_Source data_.
^^^^

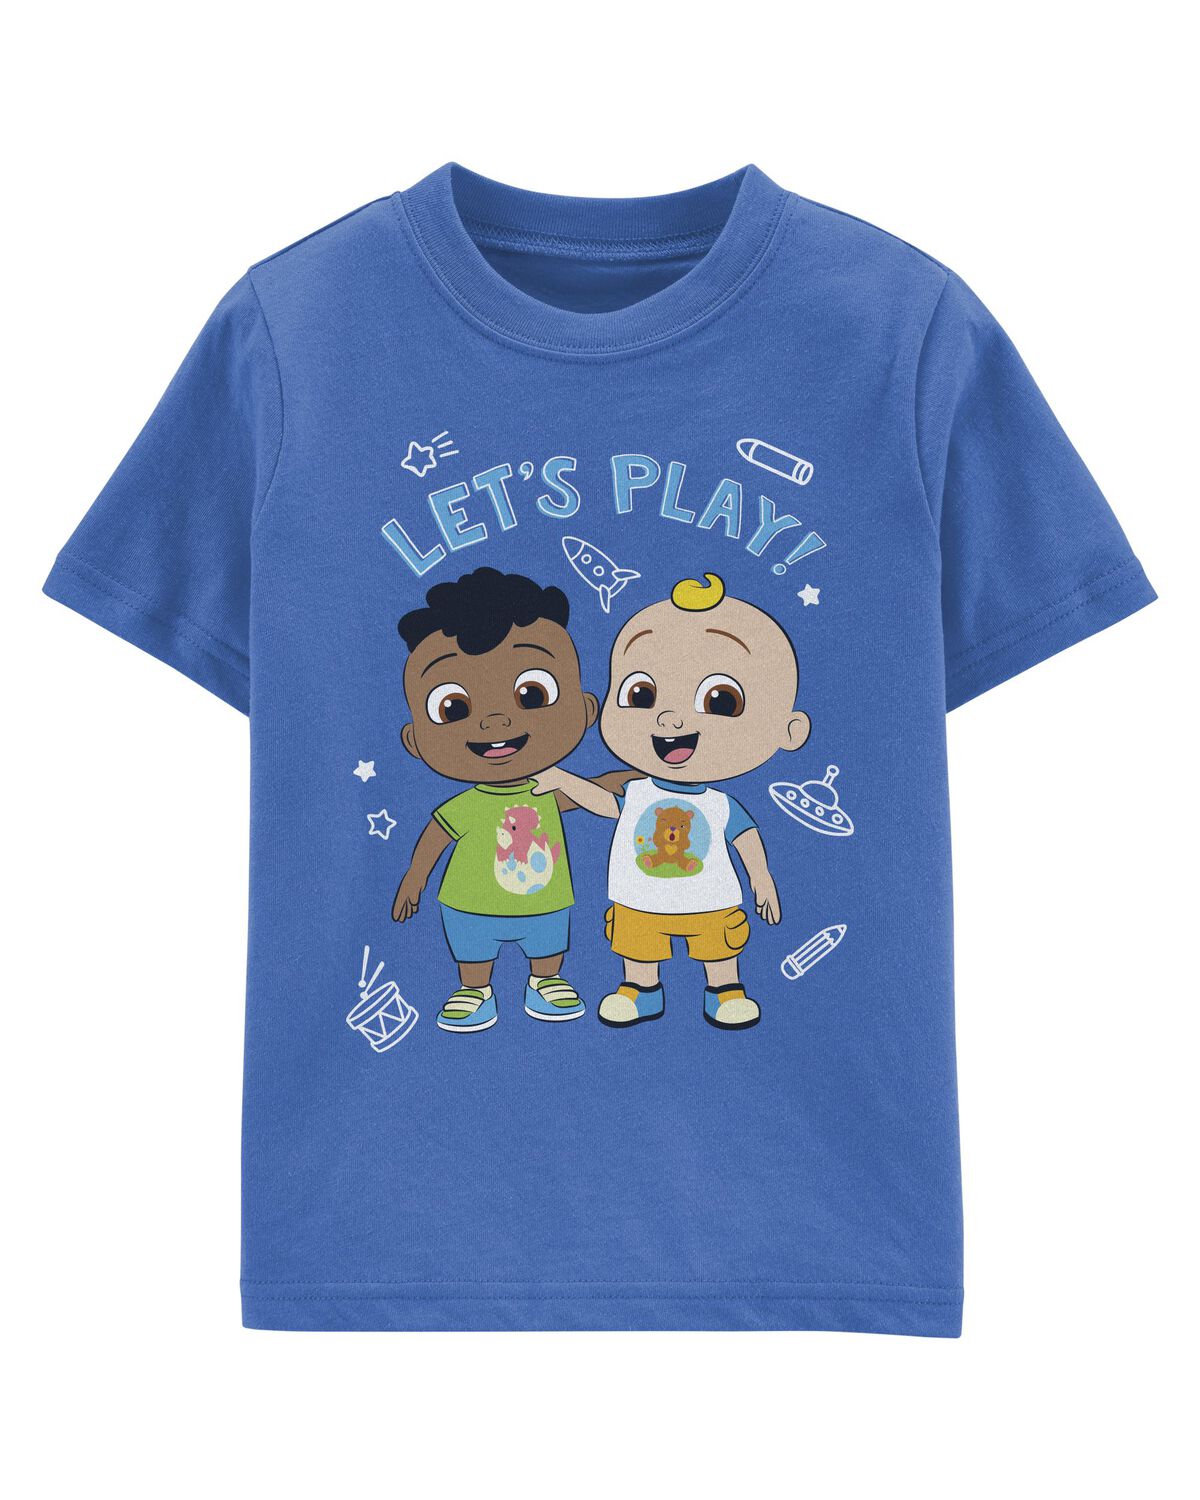 Blue Toddler CoComelon Tee | carters.com
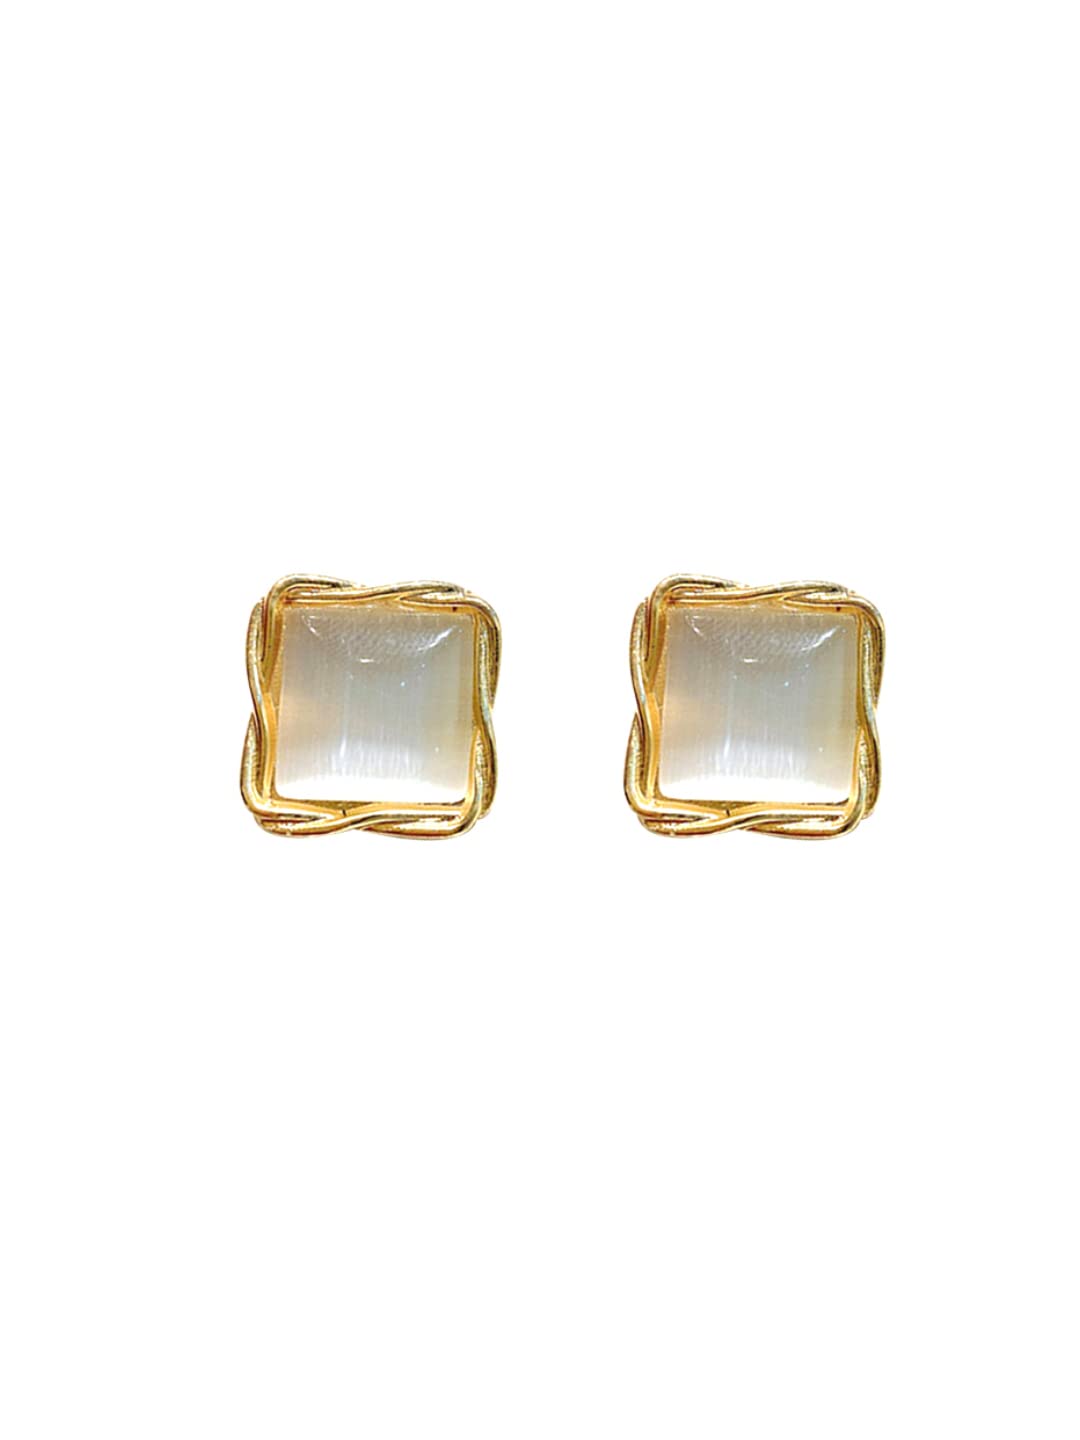 Yellow Chimes Earrings for Women and Girls Studs for Girls | Gold Tone Square Opal Stud Earrings | Birthday Gift for girls and women Anniversary Gift for Wife
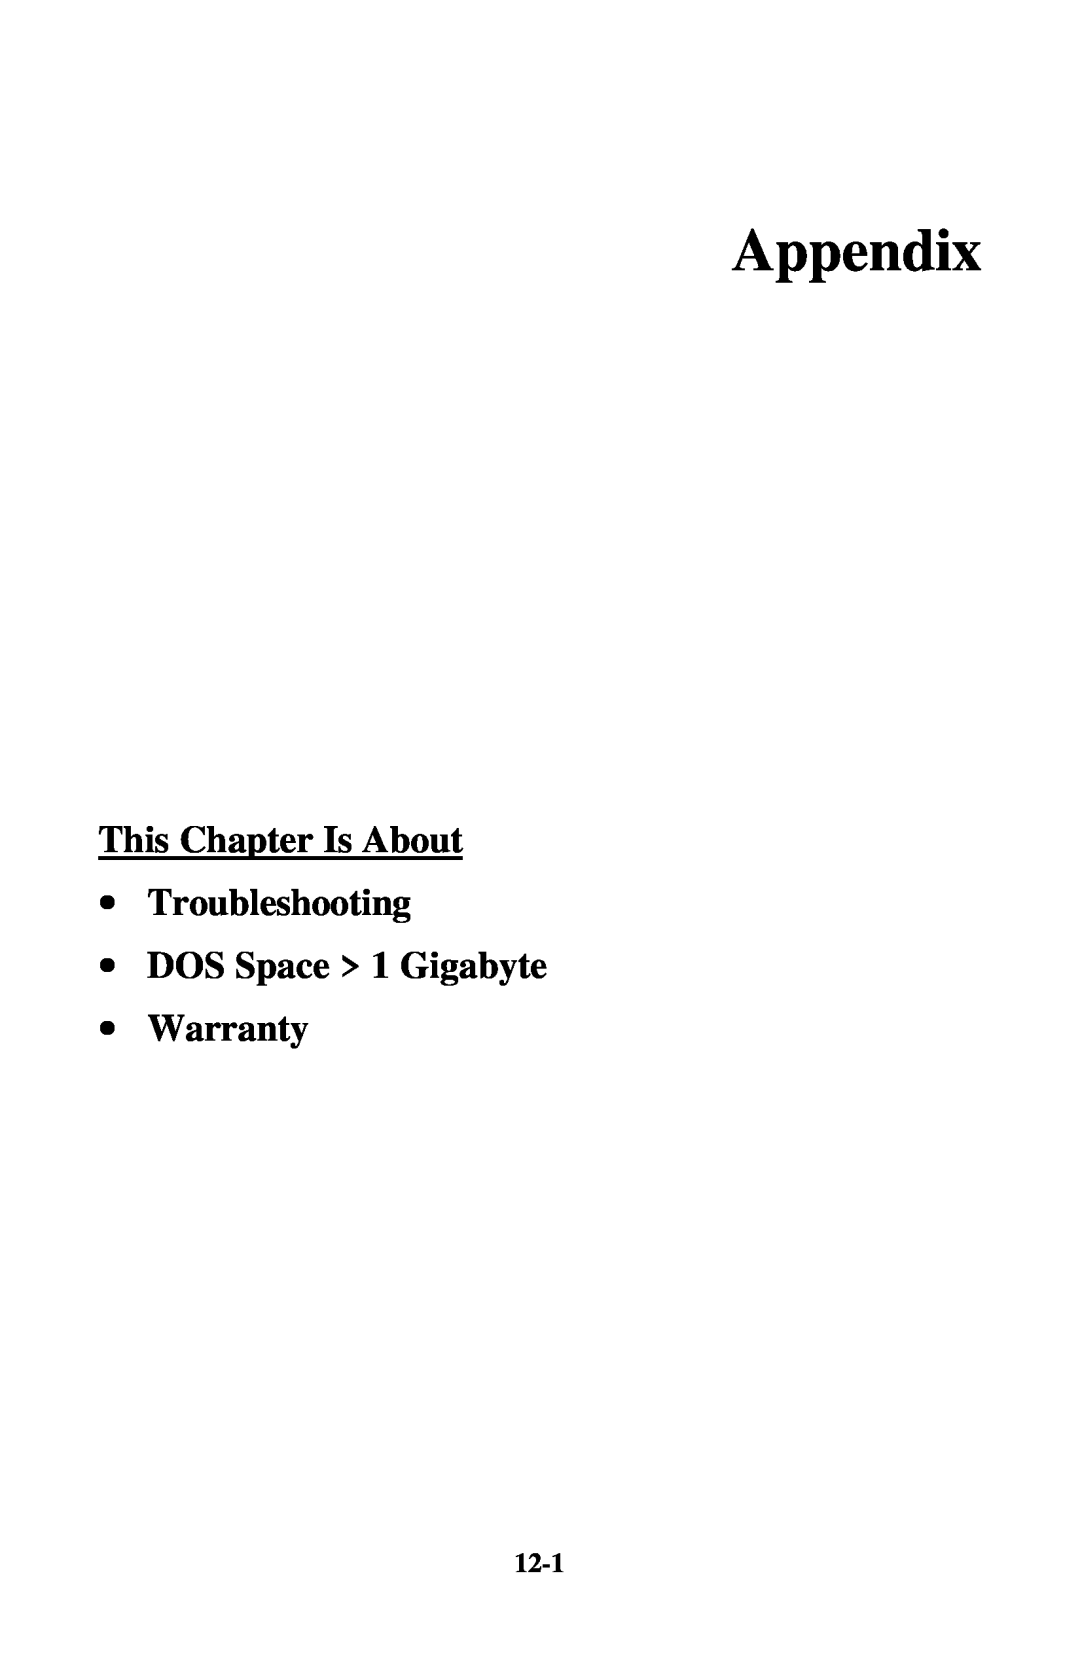 Initio INI-9100UW user manual Appendix, This Chapter Is About ∙ Troubleshooting ∙ DOS Space 1 Gigabyte, ∙ Warranty, 12-1

^^^^

_What you are asked to do_. Exclude the images and output the lines above exactly.

_Task output_.
 Blue Toddler CoComelon Tee | carters.com
 Yellow Chimes Earrings for Women and Girls Studs for Girls | Gold Tone Square Opal Stud Earrings | Birthday Gift for girls and women Anniversary Gift for Wife
 Initio INI-9100UW user manual Appendix, This Chapter Is About ∙ Troubleshooting ∙ DOS Space 1 Gigabyte, ∙ Warranty, 12-1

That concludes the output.